TASK DETAILS —
Nothing but the text should be carried over: reproduce all the data exactly and leave out every image.

THE RECORDS —
----
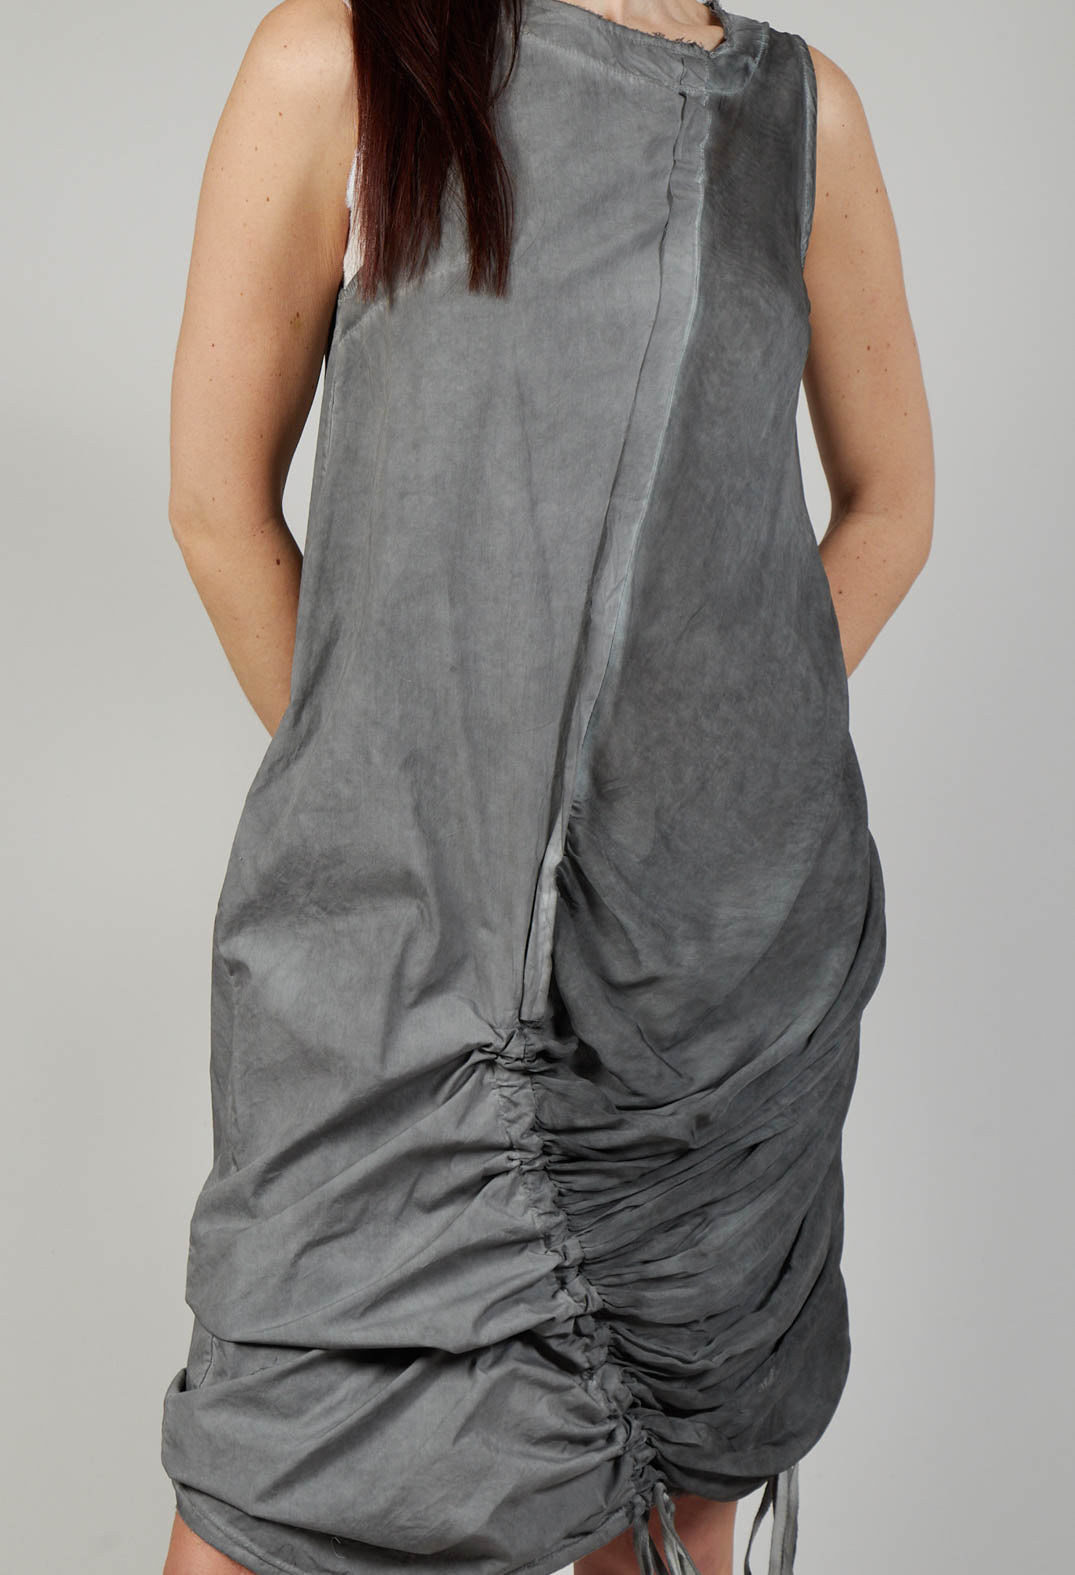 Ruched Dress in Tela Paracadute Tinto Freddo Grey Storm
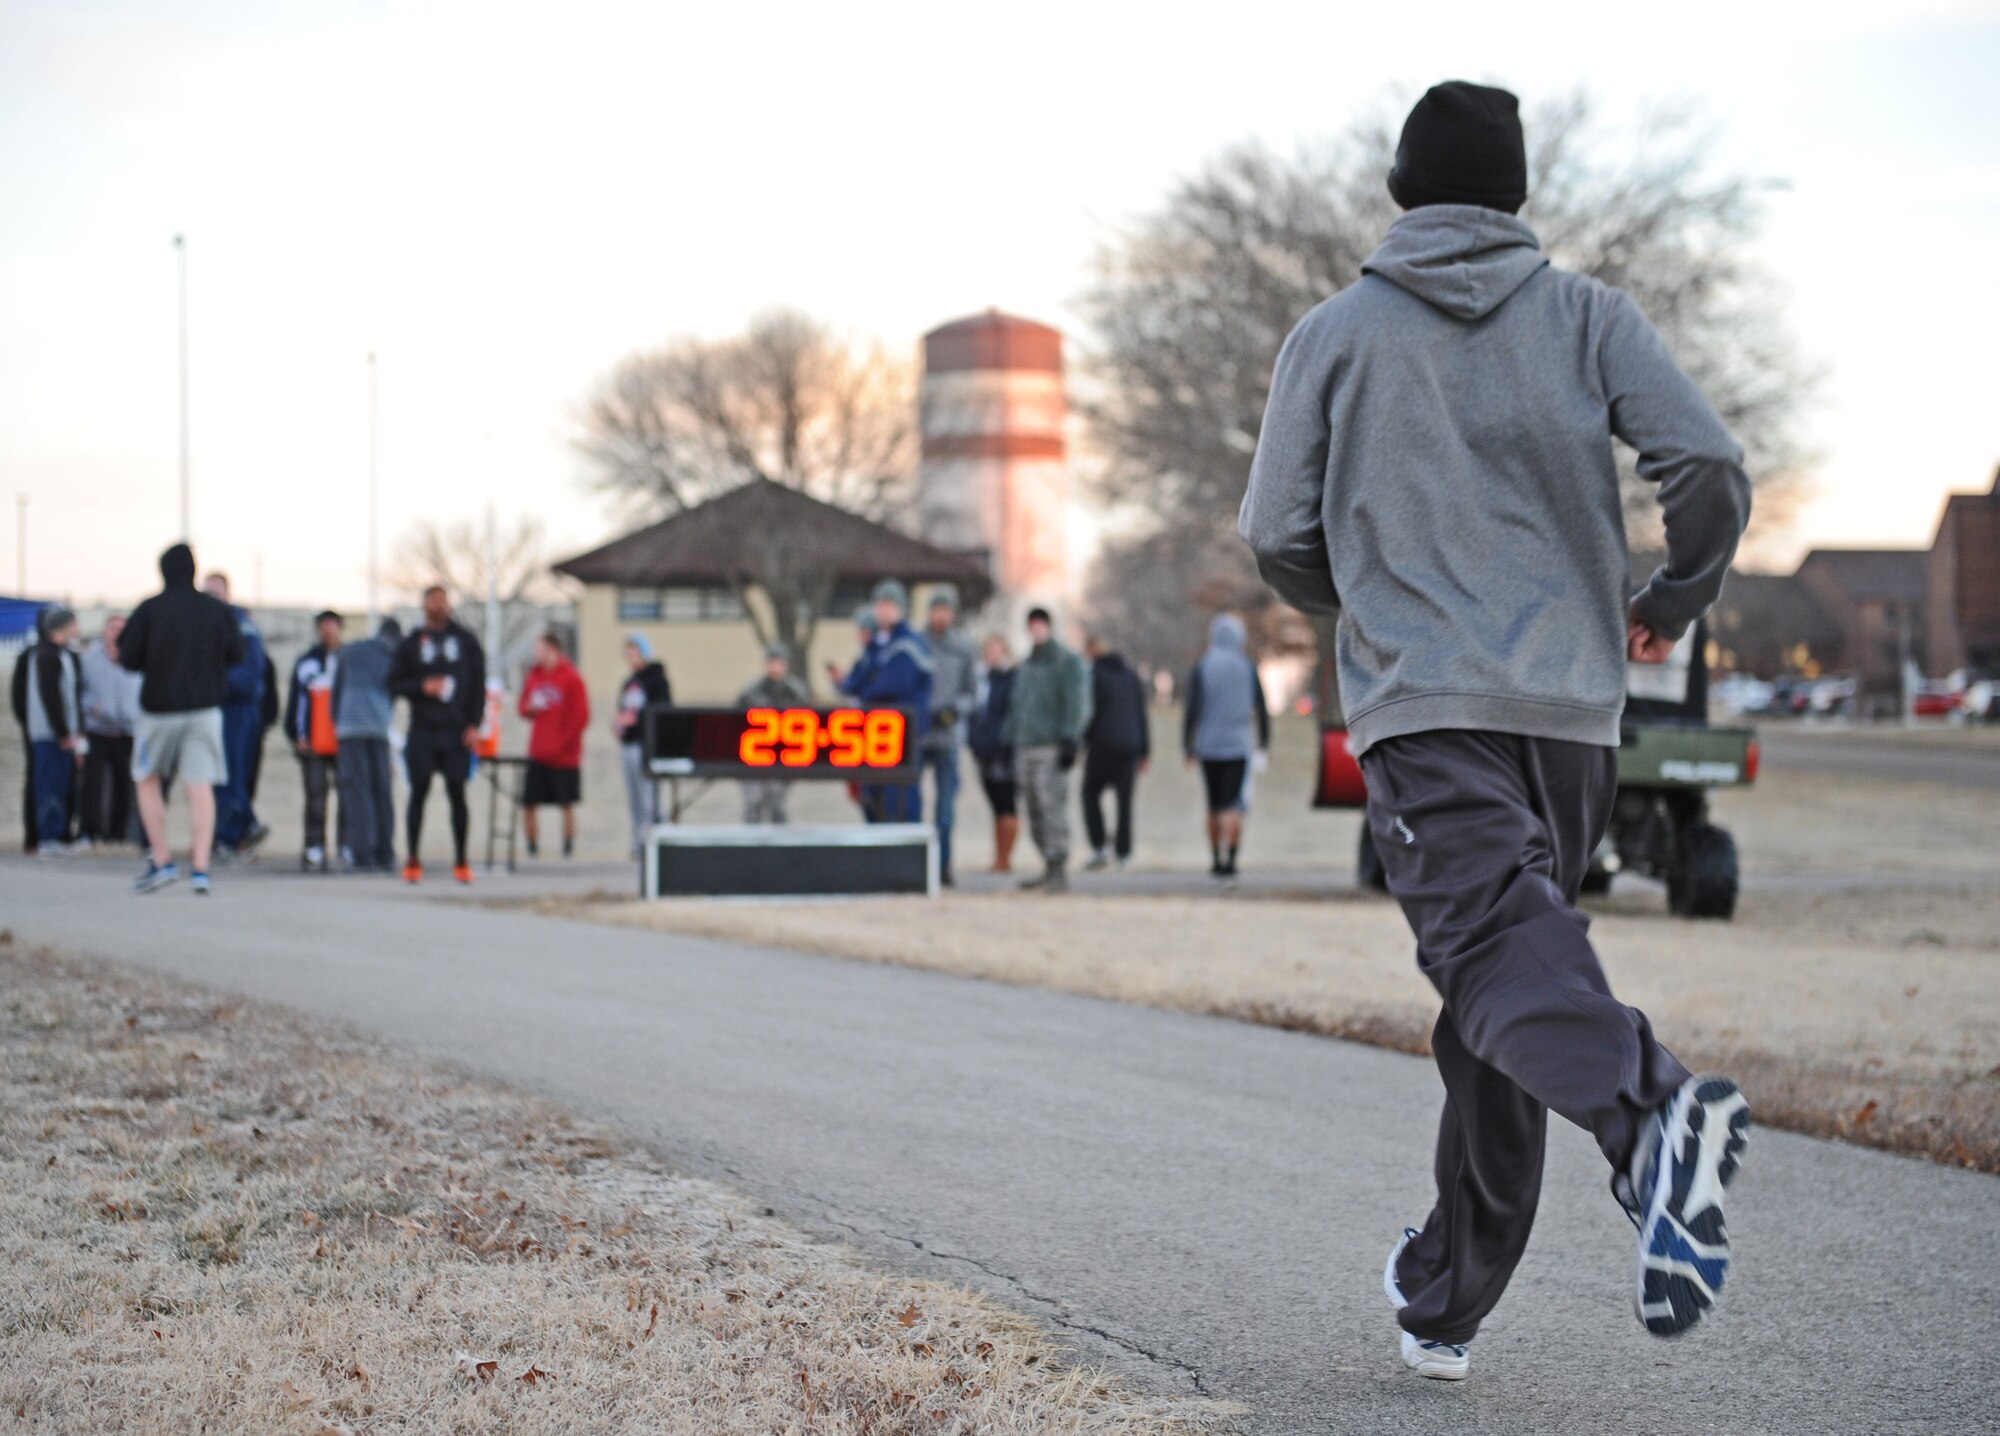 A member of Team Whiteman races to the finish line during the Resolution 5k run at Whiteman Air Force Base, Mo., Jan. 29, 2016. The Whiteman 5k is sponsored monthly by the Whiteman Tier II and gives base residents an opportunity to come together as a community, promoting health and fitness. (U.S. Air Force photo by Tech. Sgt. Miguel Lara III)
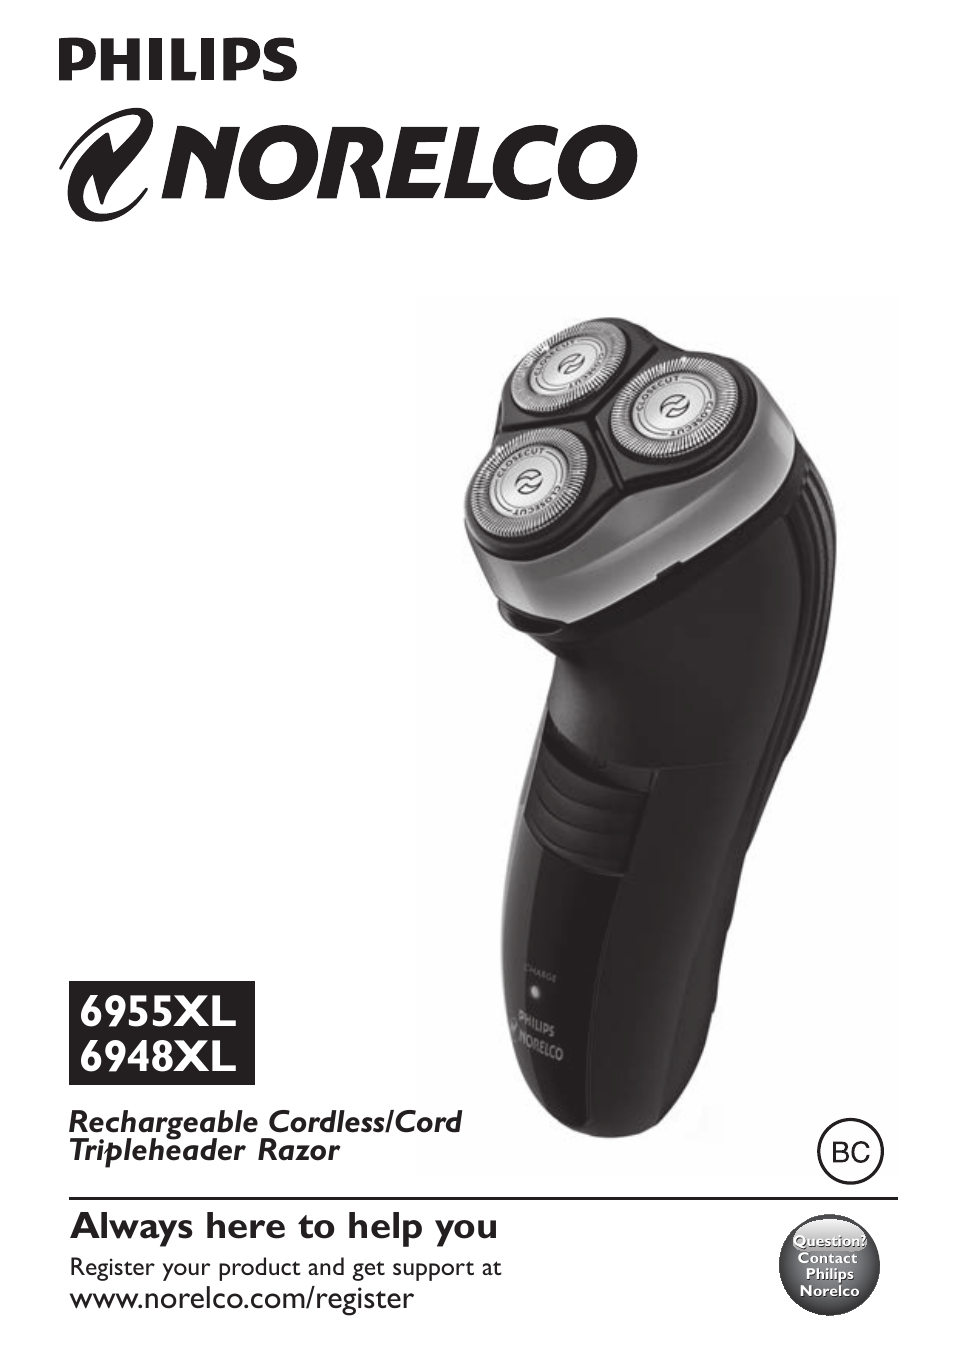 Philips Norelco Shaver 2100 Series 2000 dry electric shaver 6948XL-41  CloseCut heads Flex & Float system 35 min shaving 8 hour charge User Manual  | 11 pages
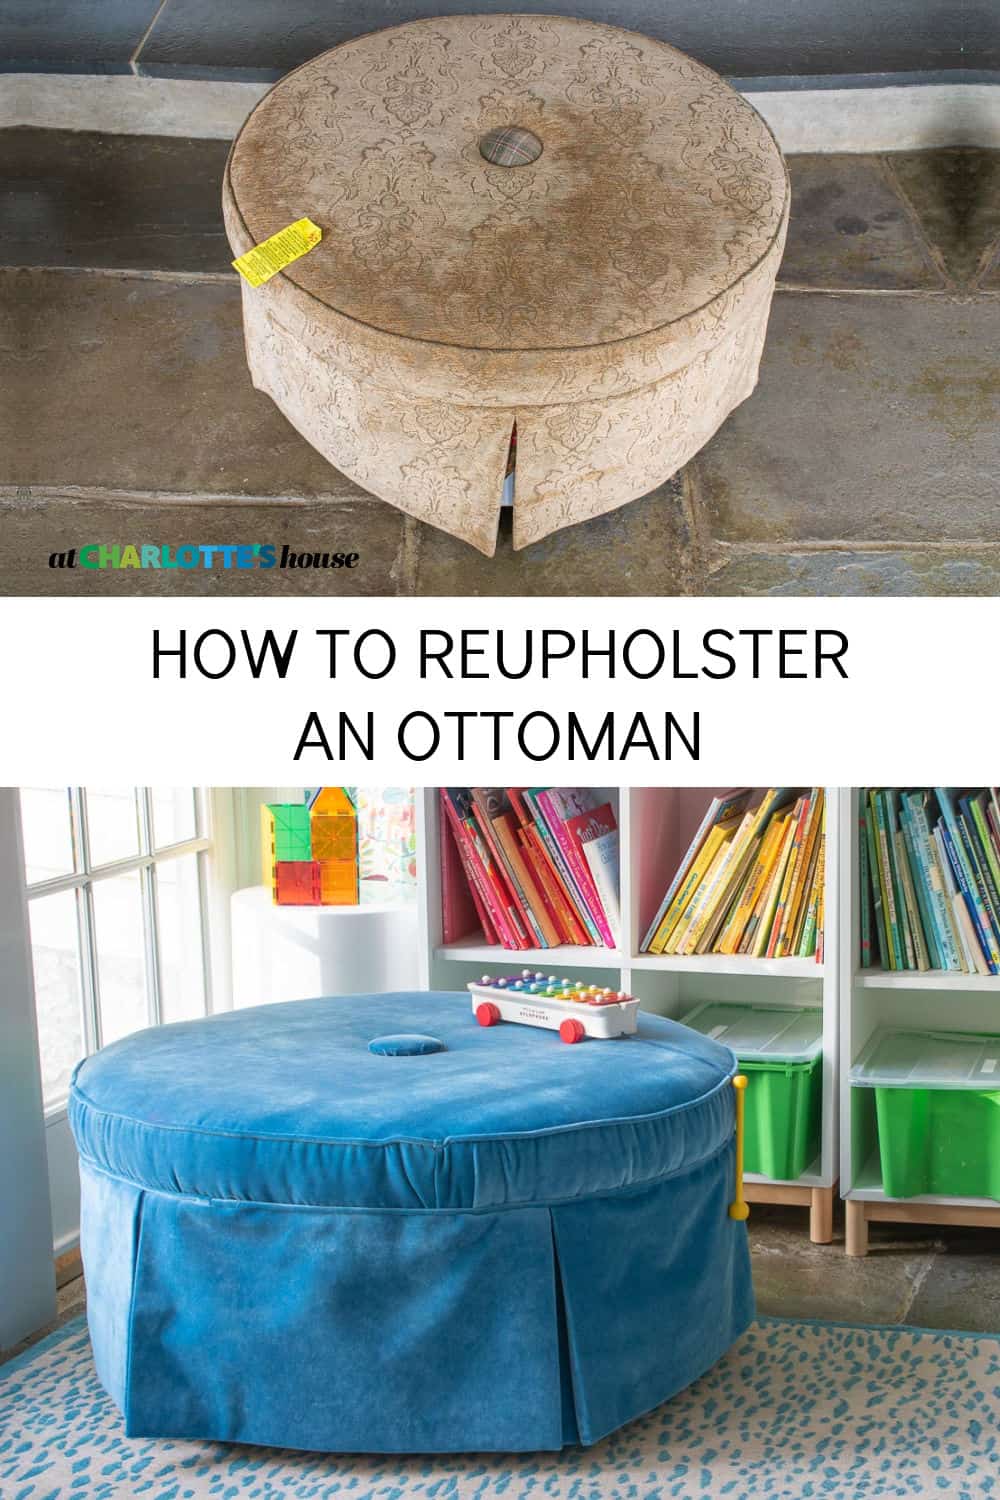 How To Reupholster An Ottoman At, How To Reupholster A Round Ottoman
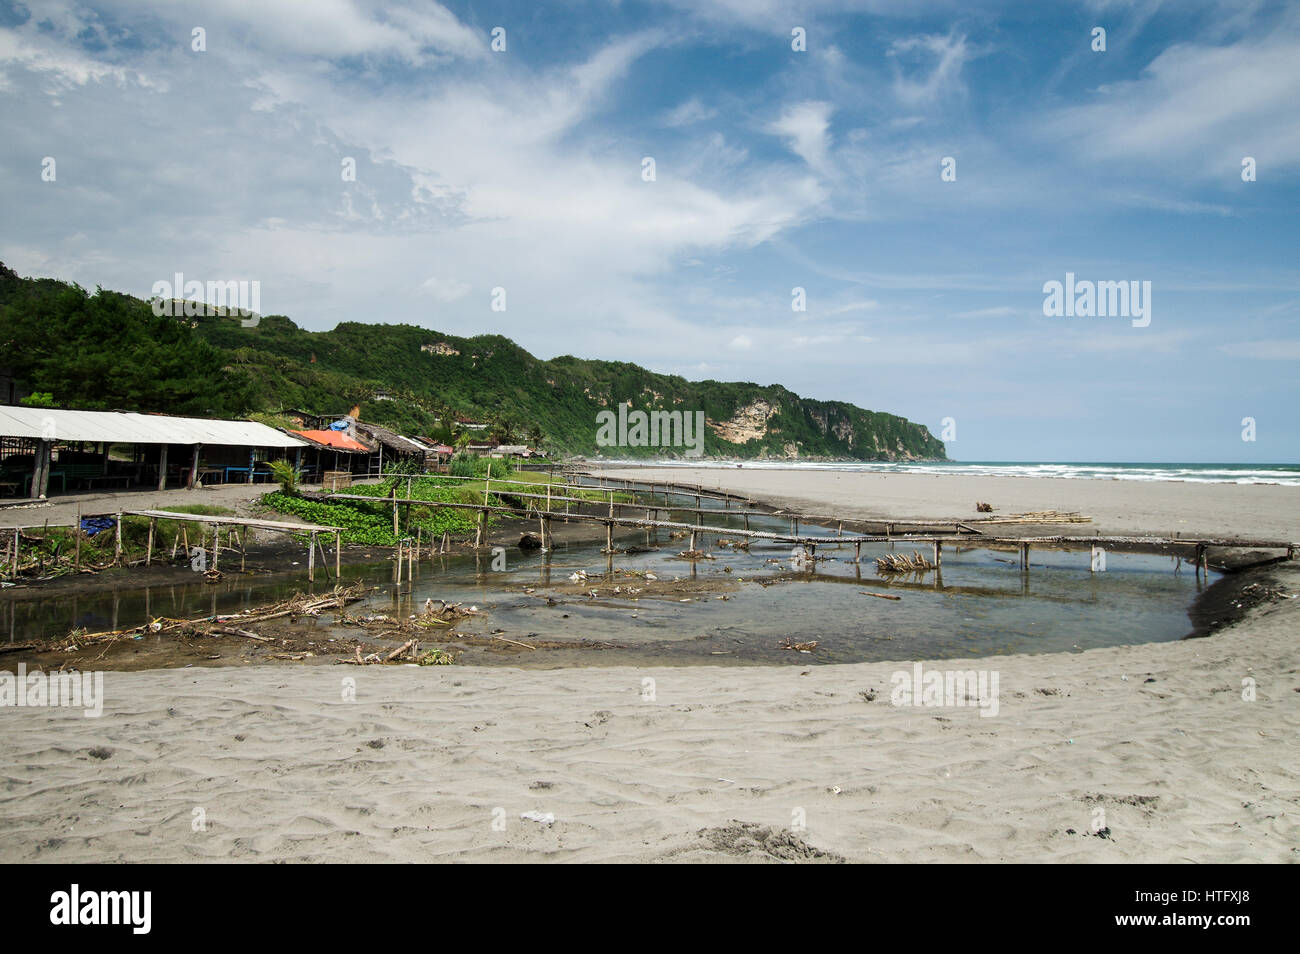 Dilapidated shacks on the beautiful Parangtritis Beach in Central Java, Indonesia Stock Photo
----
RESULT OF THE TASK —
 Ruched Dress in Tela Paracadute Tinto Freddo Grey Storm
 A member of Team Whiteman races to the finish line during the Resolution 5k run at Whiteman Air Force Base, Mo., Jan. 29, 2016. The Whiteman 5k is sponsored monthly by the Whiteman Tier II and gives base residents an opportunity to come together as a community, promoting health and fitness. (U.S. Air Force photo by Tech. Sgt. Miguel Lara III)
 Philips Norelco Shaver 2100 Series 2000 dry electric shaver 6948XL-41  CloseCut heads Flex & Float system 35 min shaving 8 hour charge User Manual  | 11 pages
 How To Reupholster An Ottoman At, How To Reupholster A Round Ottoman
 Dilapidated shacks on the beautiful Parangtritis Beach in Central Java, Indonesia Stock Photo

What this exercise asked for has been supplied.